Substantial collection of late 19th century trade cards relating to patent medicines, physicians, and pharmacies. Many pertain to popular culture and are a collecting priority for the Print Department as part of the Visual Culture Program.
Building on our collecting strengths including acquiring more views of Philadelphia, additional lithographs cited in Wainwright, and works by Philadelphia artists, lithographers, engravers, and photographers. For a select group of photographers and artists, we collect beyond their Philadelphia work as a way to more fully illuminate their careers.
Items relating to particular subject areas of interest such as Afro-Americana, visual culture, popular medicine, women’s history, and early American economy and society.
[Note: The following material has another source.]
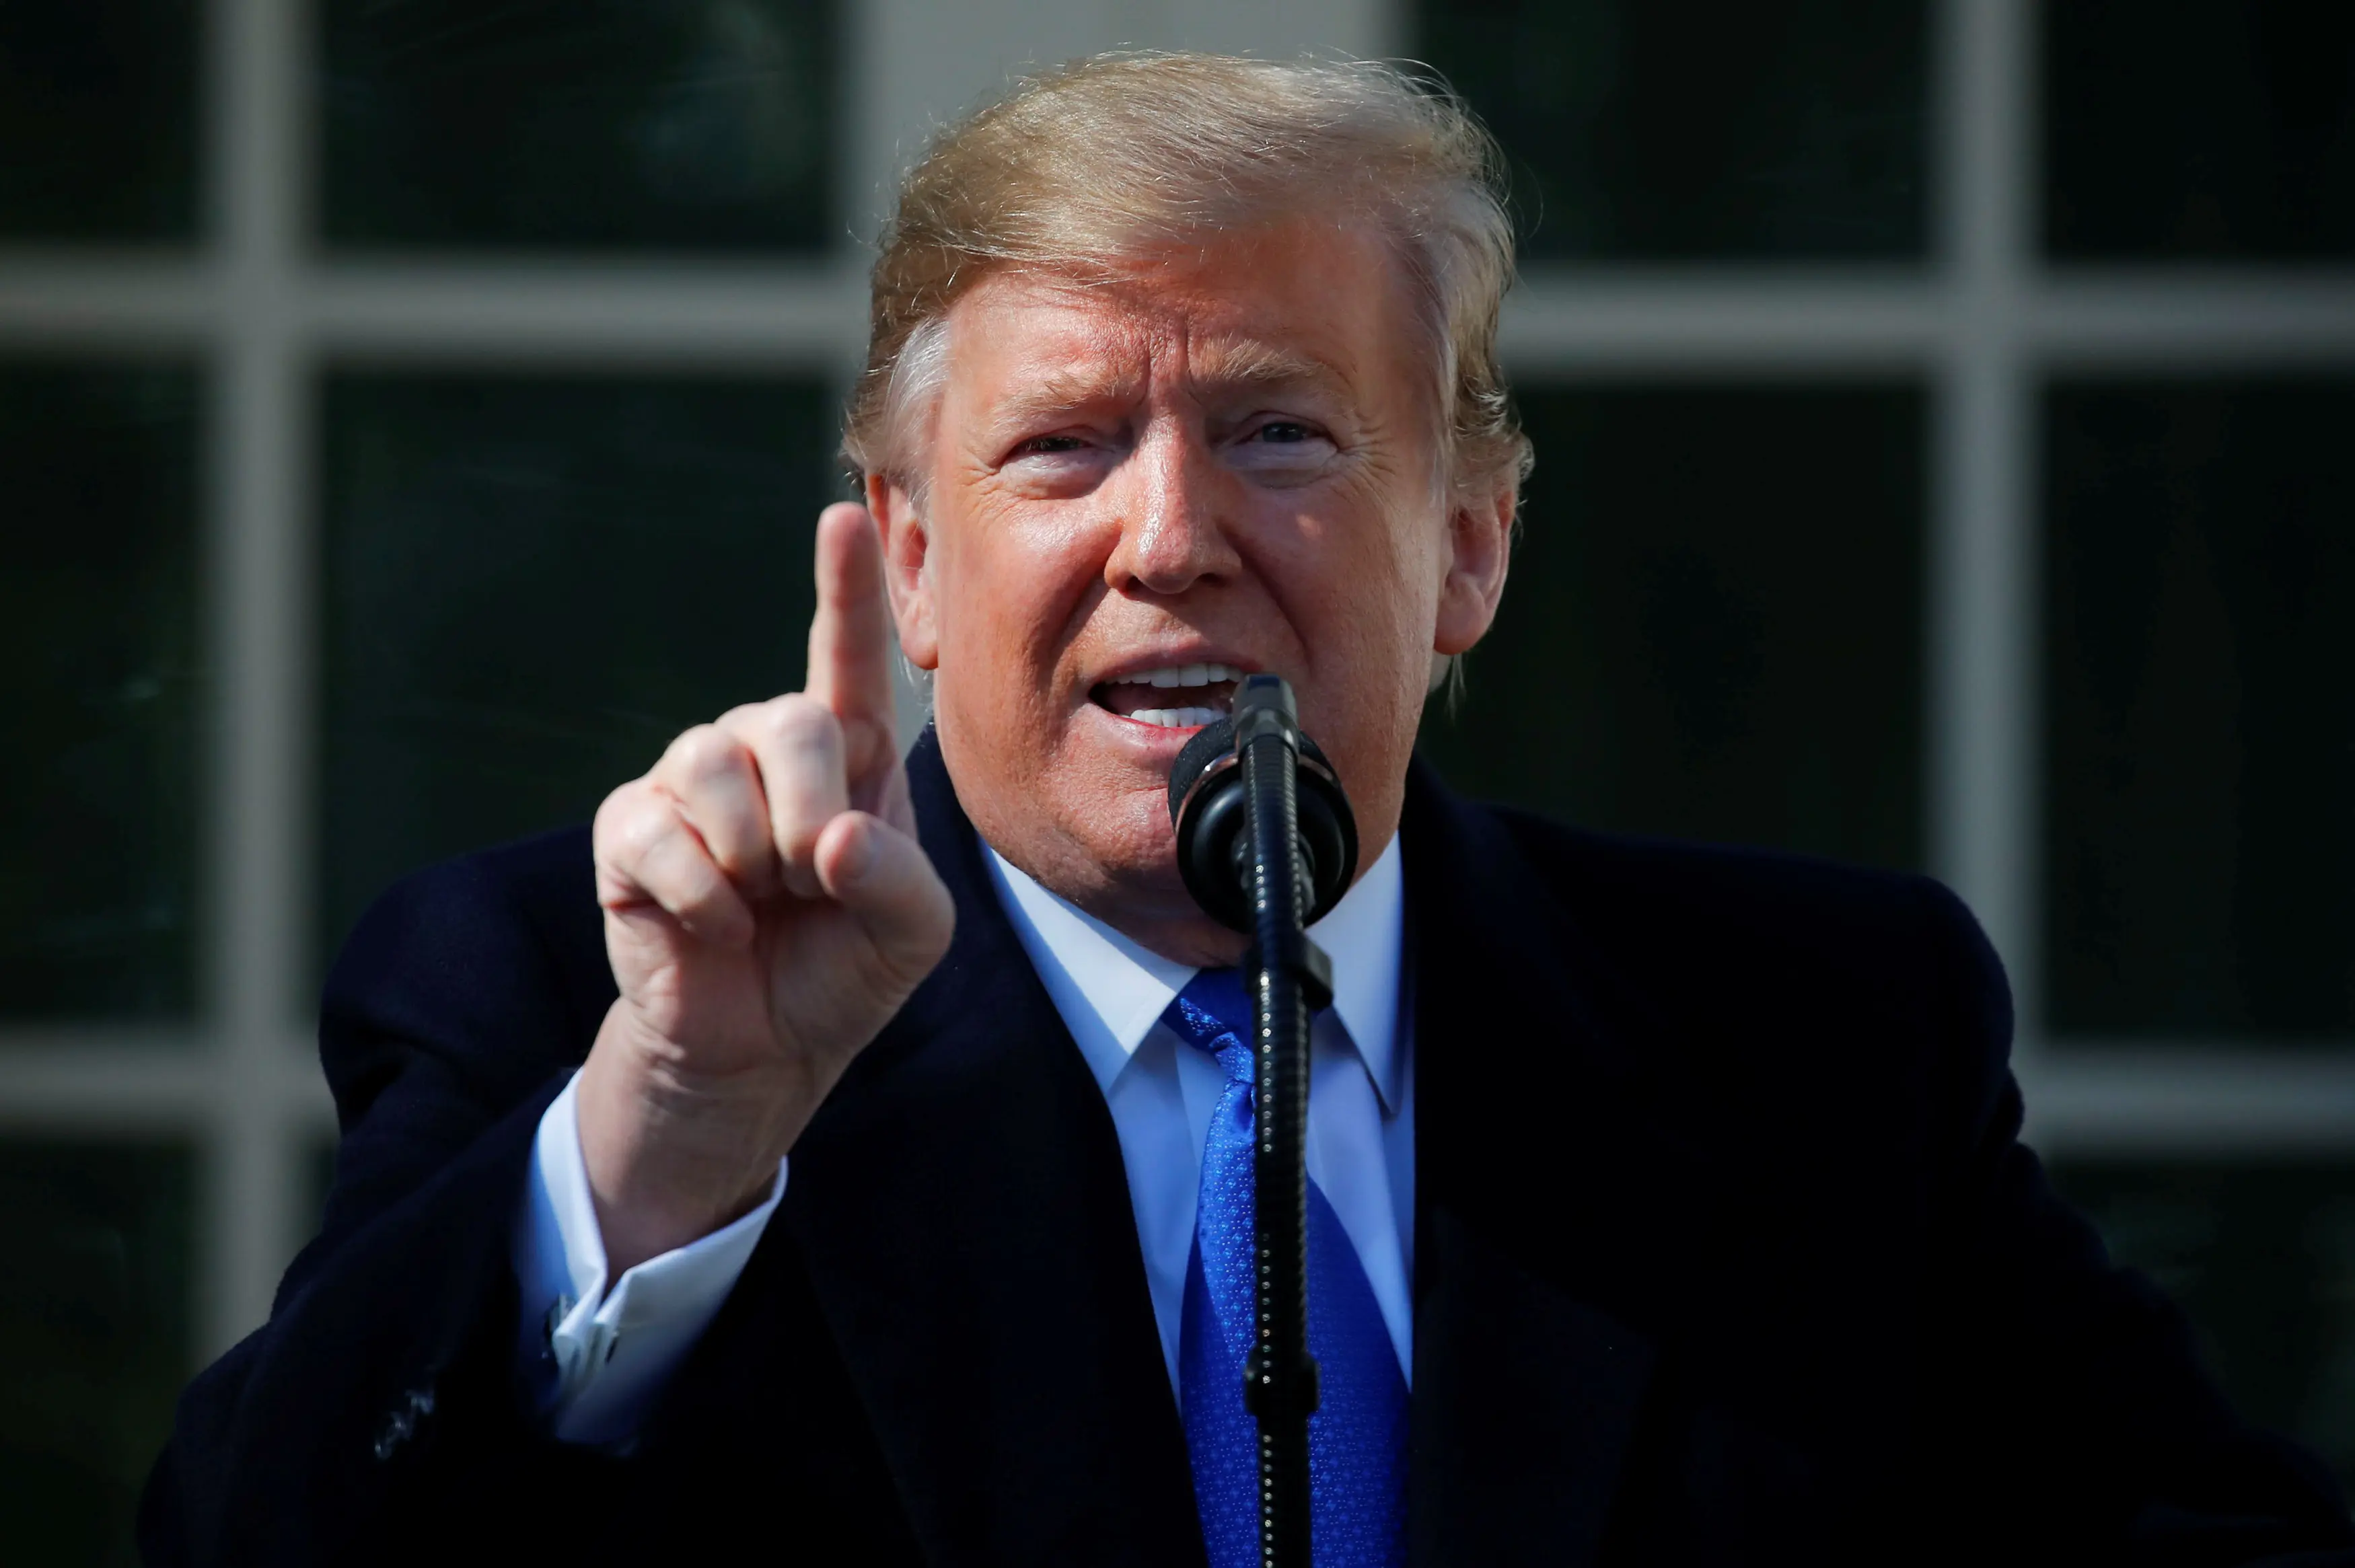 נשיא ארצות הברית דונלד טראמפ מכריז על מצב חירום למימון בניית חומה בגבול מקסיקו בגן הוורדים בבית הלבן ב-15 בפברואר 2019

Acquiring appropriate material that does not duplicate collections in other local repositories, particularly the Historical Society of Pennsylvania.
Visual Culture Program
The overarching collecting policy in place for the development of the graphics collection applies for the Visual Culture Program. In addition, visual materials documenting the technology of the production of graphics; graphic ephemera that complement the more national collecting strengths of the library, including Afro-Americana, popular medicine, and economy and society; and separately-issued graphics pertaining to late 19th- and early 20th-century popular culture are pursued for acquisition.